8.4 M/G/1 and G/M/1 queues

M/G/1 queue

The M/G/1 queue models a single-server system where arrivals are Poisson (Markovian) but service times can follow any distribution. This flexibility makes it one of the most widely used queueing models, since real service processes rarely have neat exponential distributions. The "M/G/1" notation follows Kendall's convention: Markovian arrivals / General service / 1 server.

Poisson arrivals

Customers arrive according to a Poisson process with rate $\lambda$. This means inter-arrival times are i.i.d. exponential random variables with mean $1/\lambda$. The memoryless property of exponential inter-arrivals is what makes the arrival side tractable: the future arrival process doesn't depend on how long you've been waiting since the last arrival.

General service times

Service times are i.i.d. random variables drawn from a general distribution with:

• Mean $E[S] = 1/\mu$
• Second moment $E[S^2]$
• Variance $\sigma_S^2 = E[S^2] - (1/\mu)^2$

The distribution can be anything: exponential, deterministic, Erlang, hyperexponential, Pareto, etc. This generality is the whole point of the model. The key requirement for stability is that the traffic intensity satisfies $\rho = \lambda / \mu < 1$.

Embedded Markov chain

Because service times are general, the system state doesn't form a continuous-time Markov chain. The standard trick is to observe the system only at service completion epochs. Let $Q_n$ be the number of customers left behind by the $n$-th departing customer. Then:

$Q_{n+1} = (Q_n - 1)^+ + A_{n+1}$

where $(x)^+ = \max(x, 0)$ and $A_{n+1}$ is the number of Poisson arrivals during the $(n+1)$-th service time. Since arrivals are Poisson and service times are i.i.d., $\{Q_n\}$ forms a Markov chain. Steady-state probabilities are found by solving the resulting balance equations, typically via generating functions.

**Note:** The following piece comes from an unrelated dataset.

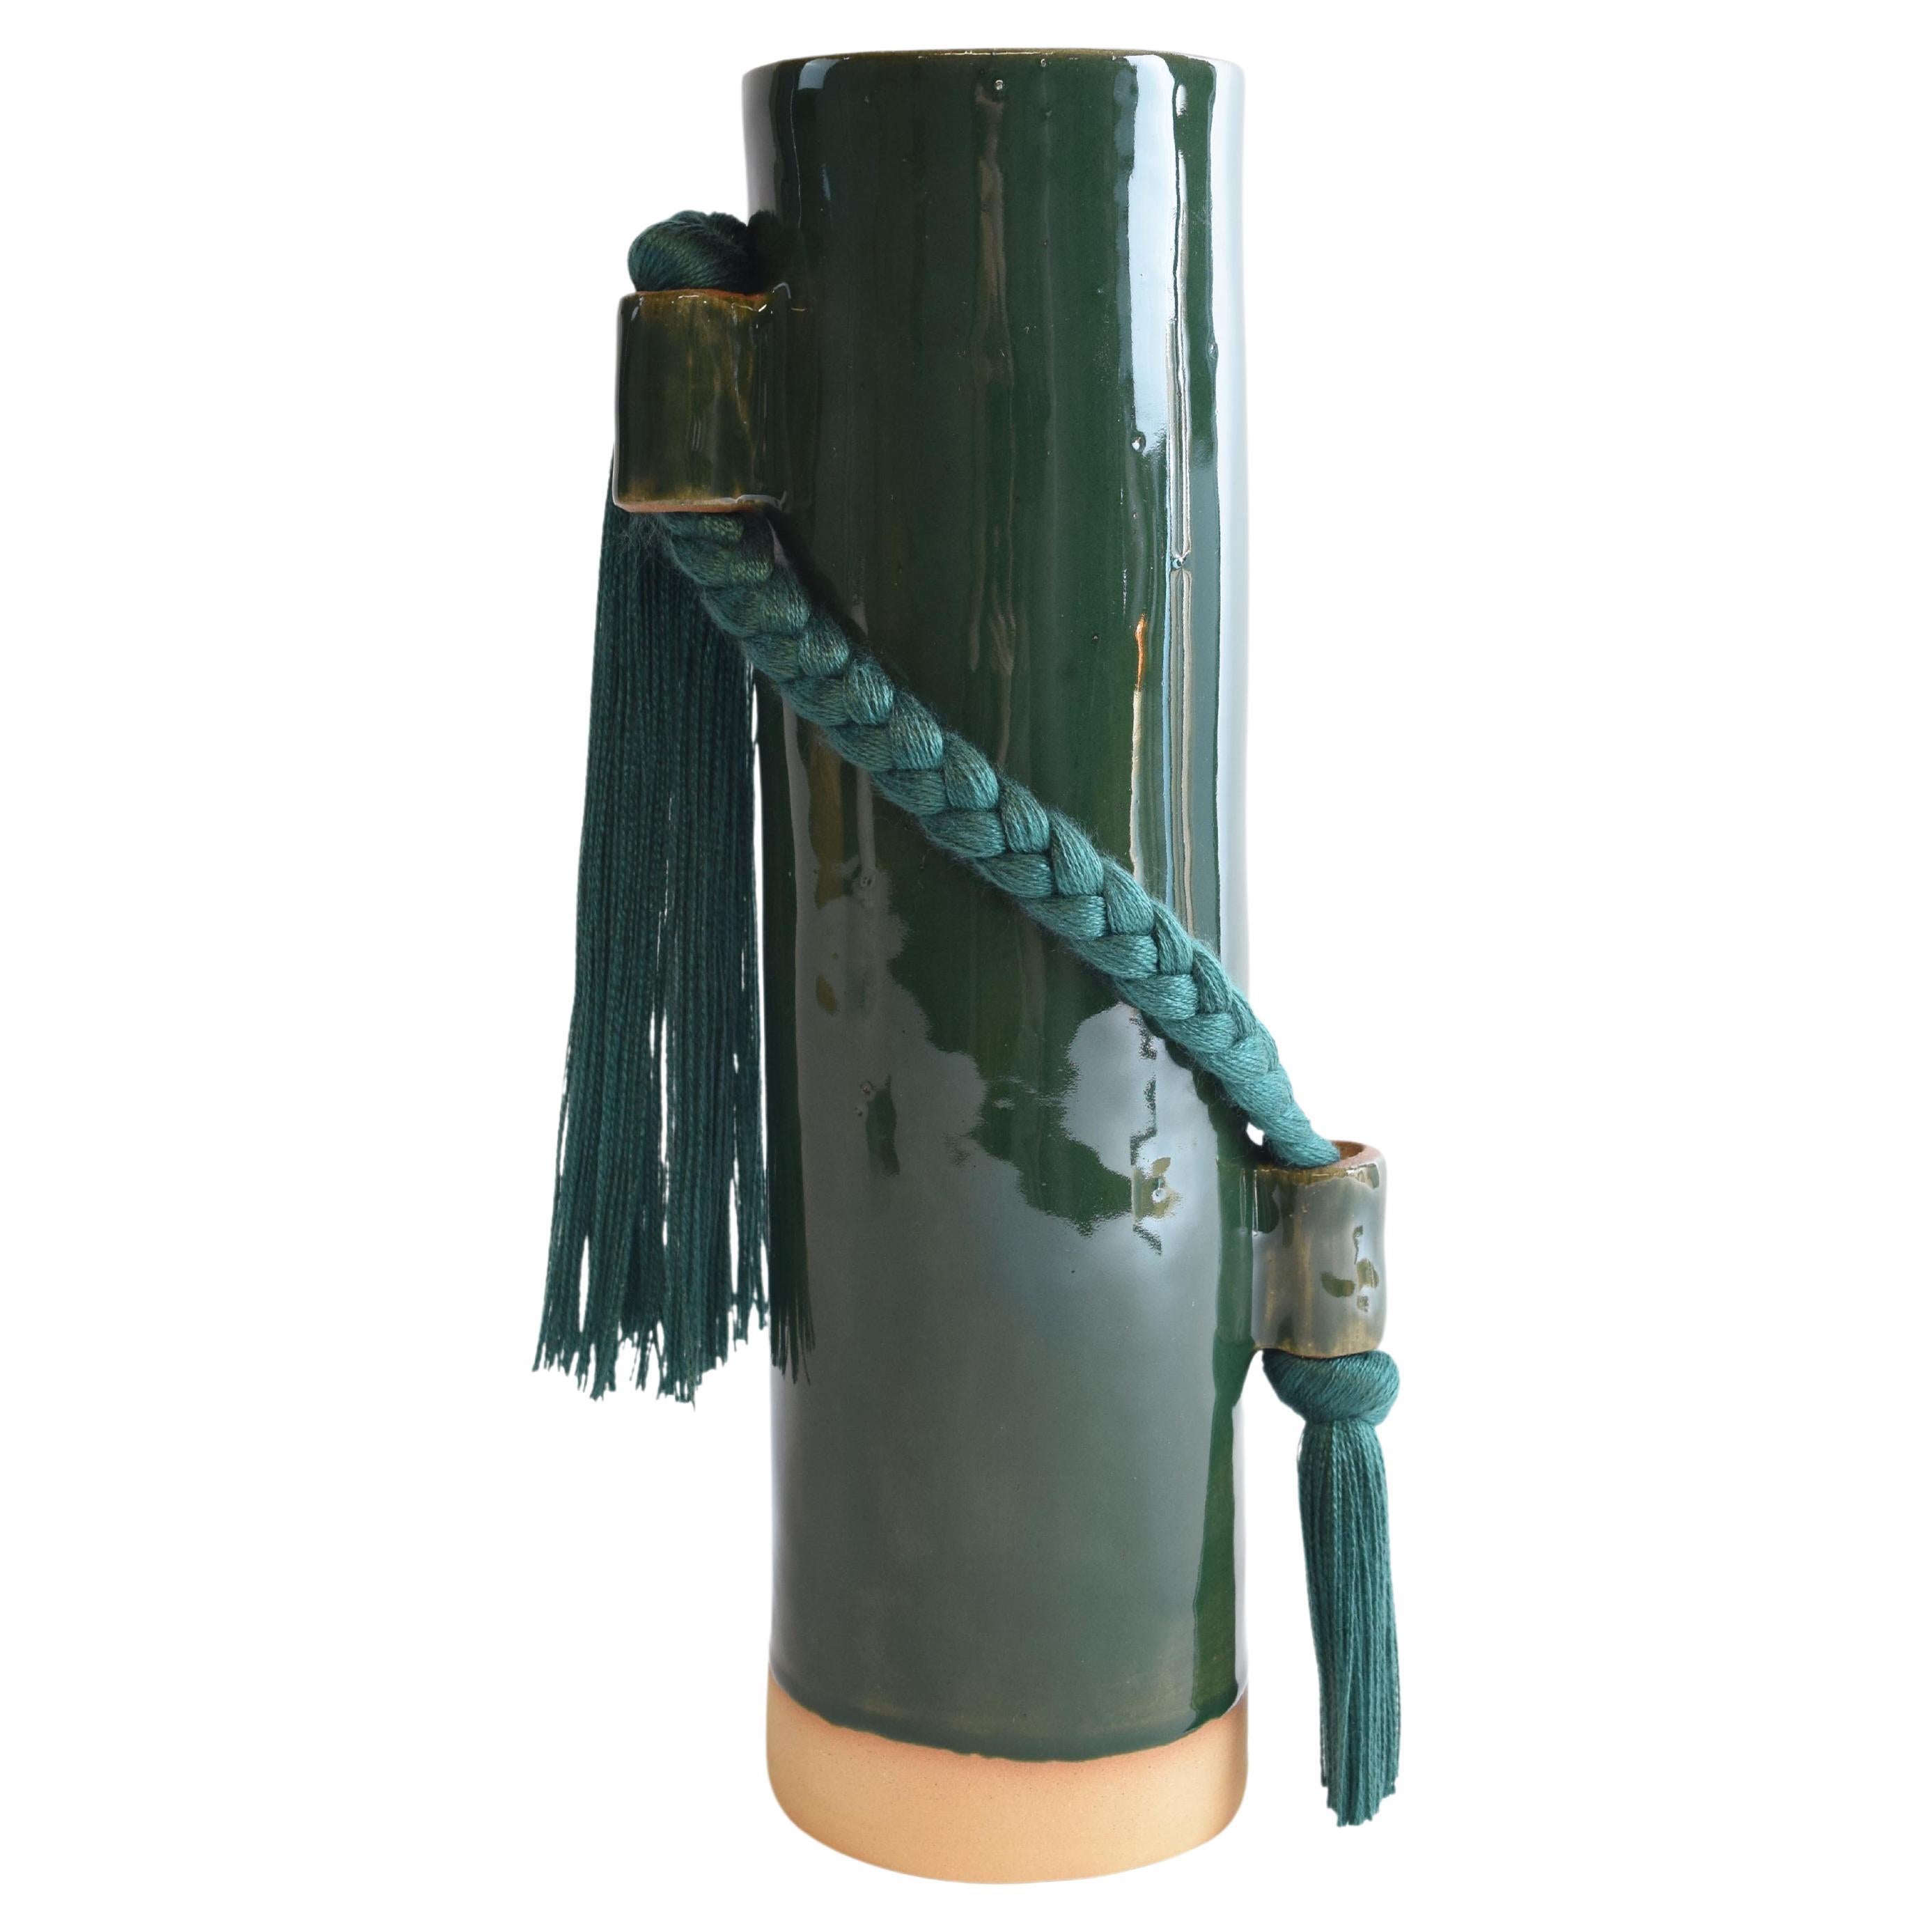 Handmade Ceramic Vase #695 in Dark Green with Green Tencel Braid and Fringe For Sale

Pollaczek-Khinchine (P-K) formula

This is the central result for M/G/1. It gives the mean number of customers in the system in closed form:

$E[L] = \rho + \frac{\rho^2 + \lambda^2 \sigma_S^2}{2(1 - \rho)}$

An equivalent form, written in terms of $E[S^2]$:

$E[L] = \rho + \frac{\lambda^2 E[S^2]}{2(1 - \rho)}$

Notice that the mean queue length depends not just on the mean service time but also on its second moment (or equivalently, its variance). Two service distributions with the same mean but different variances will produce different queue lengths. Higher variance means longer queues.

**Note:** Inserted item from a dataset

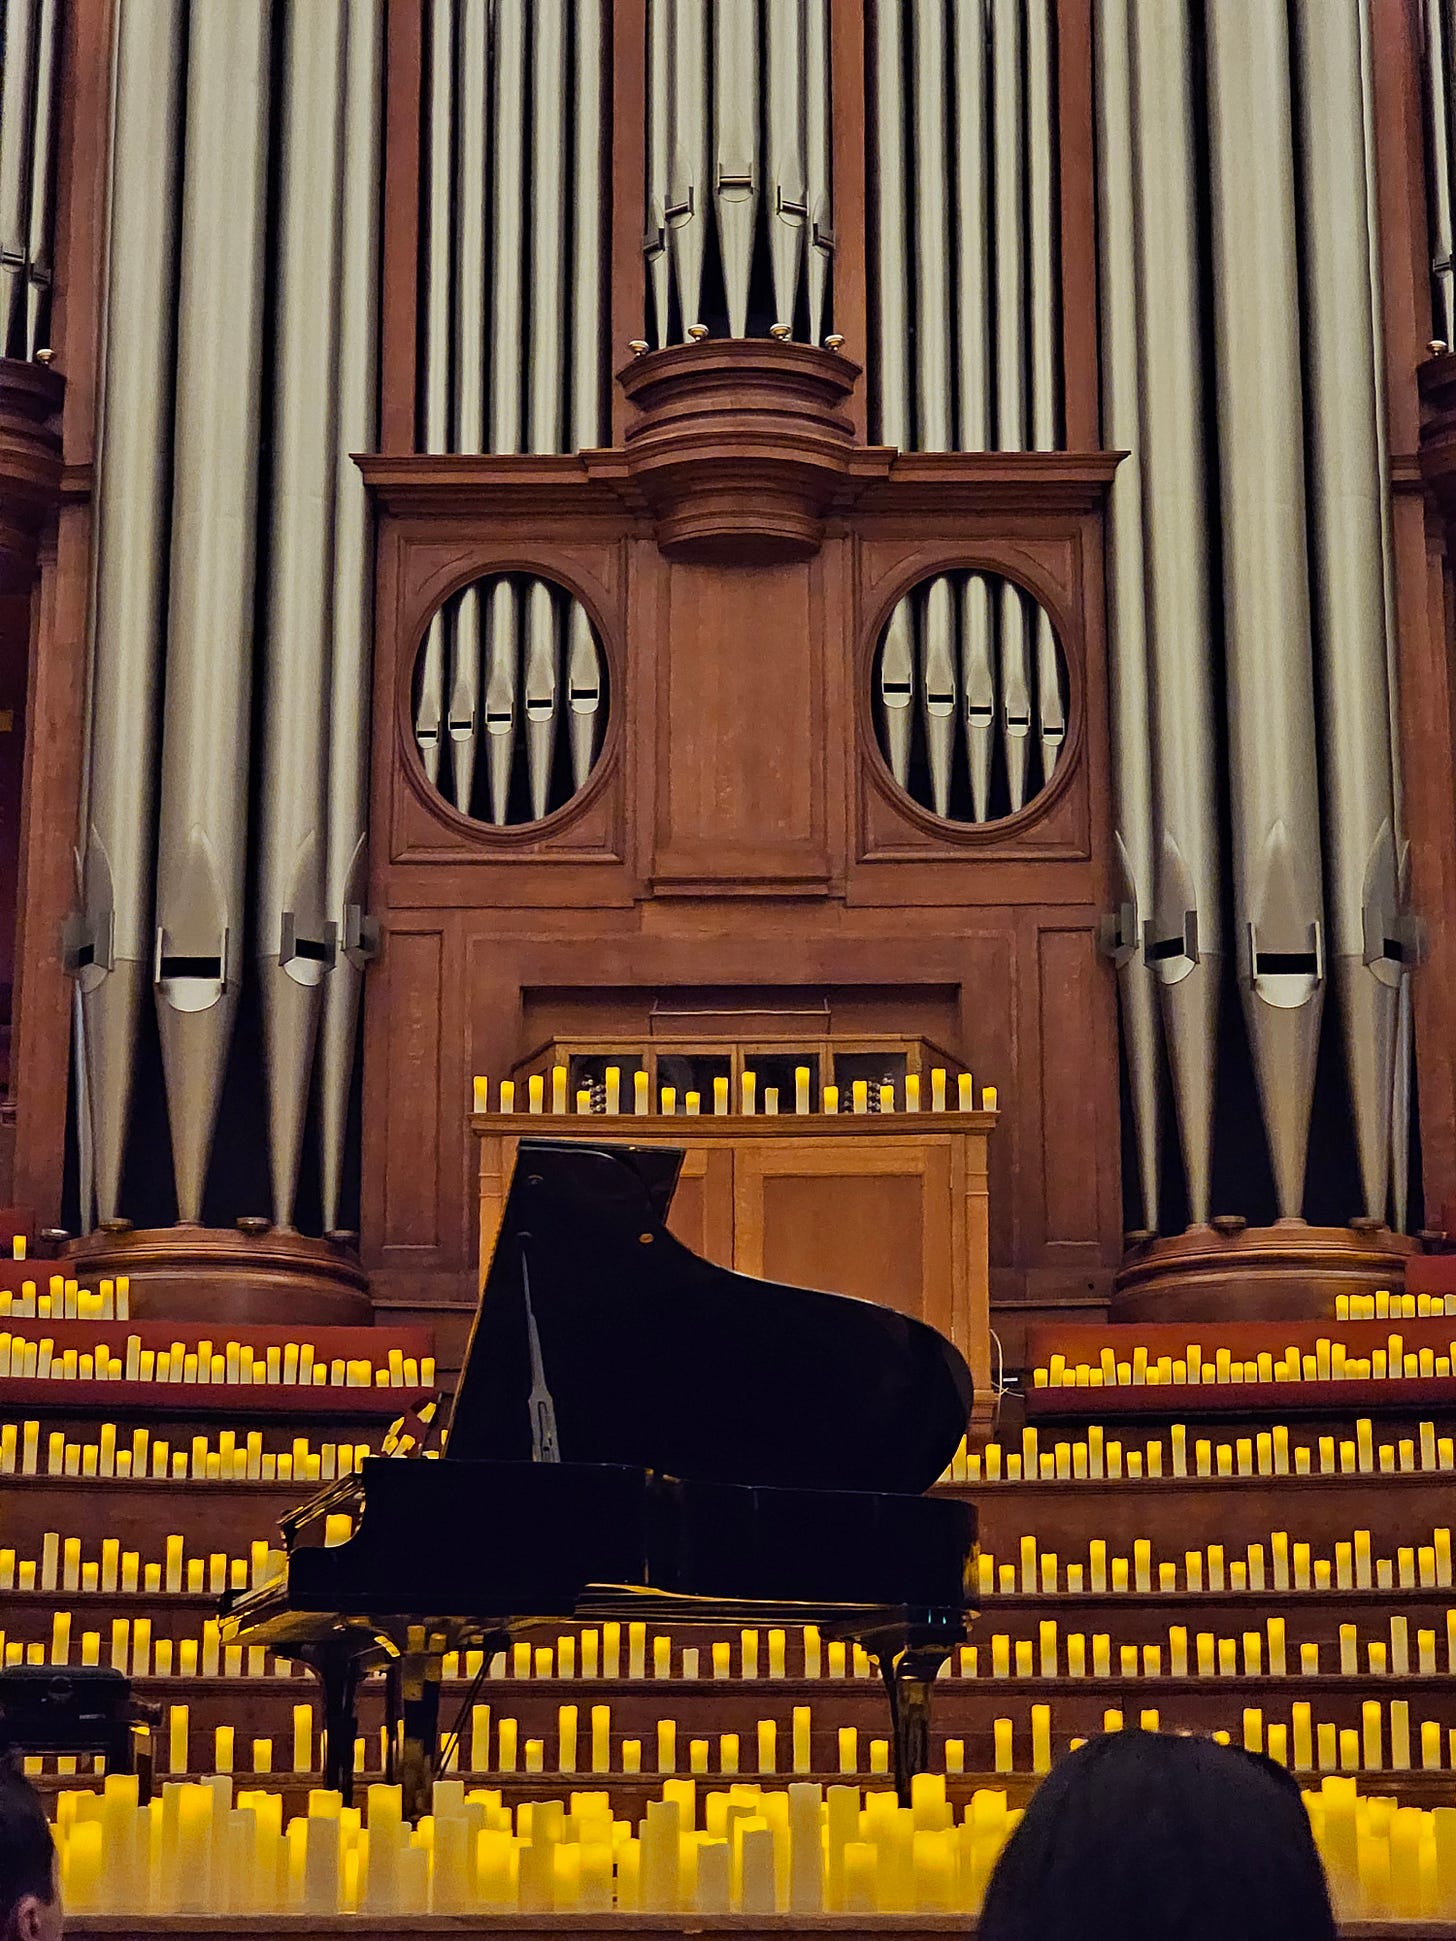 grand piano in front of a large pipe organ in a church

Mean waiting time (P-K mean value formula)

The average time a customer waits in the queue (before service begins) is:

$E[W_q] = \frac{\lambda E[S^2]}{2(1 - \rho)}$

You can derive this from $E[L_q] = \lambda E[W_q]$ (Little's law applied to the queue portion) combined with the P-K formula. The total time in the system (waiting plus service) is:

$E[W] = E[W_q] + E[S] = \frac{\lambda E[S^2]}{2(1 - \rho)} + \frac{1}{\mu}$

And by Little's law for the whole system, $E[L] = \lambda E[W]$, which is consistent with the P-K formula above.

Busy period

A busy period starts when an arriving customer finds the server idle and ends when the server next becomes idle. Let $E[B]$ denote the mean busy period. By a renewal argument:

$E[B] = \frac{1/\mu}{1 - \rho} = \frac{E[S]}{1 - \rho}$

The full distribution of the busy period can be characterized through its Laplace-Stieltjes transform (LST), which satisfies a functional equation involving the LST of the service time distribution.

G/M/1 queue

The G/M/1 queue flips the generality: inter-arrival times follow a general distribution, while service times are exponential. The notation is General arrivals / Markovian service / 1 server.

General inter-arrival times

Consecutive inter-arrival times are i.i.d. with a general distribution:

• Mean $E[A] = 1/\lambda$
• The distribution can be deterministic, Erlang, hyperexponential, etc.

Exponential service times

Service times are exponentially distributed with rate $\mu$ (mean $1/\mu$). The memoryless property of exponential service is what makes the service side tractable here, just as memoryless arrivals made the arrival side tractable in M/G/1.

Stability again requires $\rho = \lambda/\mu < 1$.

Embedded Markov chain

For G/M/1, the natural embedding points are arrival epochs (not departure epochs as in M/G/1). Let $Q_n$ be the number of customers found in the system by the $n$-th arriving customer. Because service times are exponential, the number of service completions during a general inter-arrival time depends only on how many customers are present and the inter-arrival duration. This makes $\{Q_n\}$ a Markov chain.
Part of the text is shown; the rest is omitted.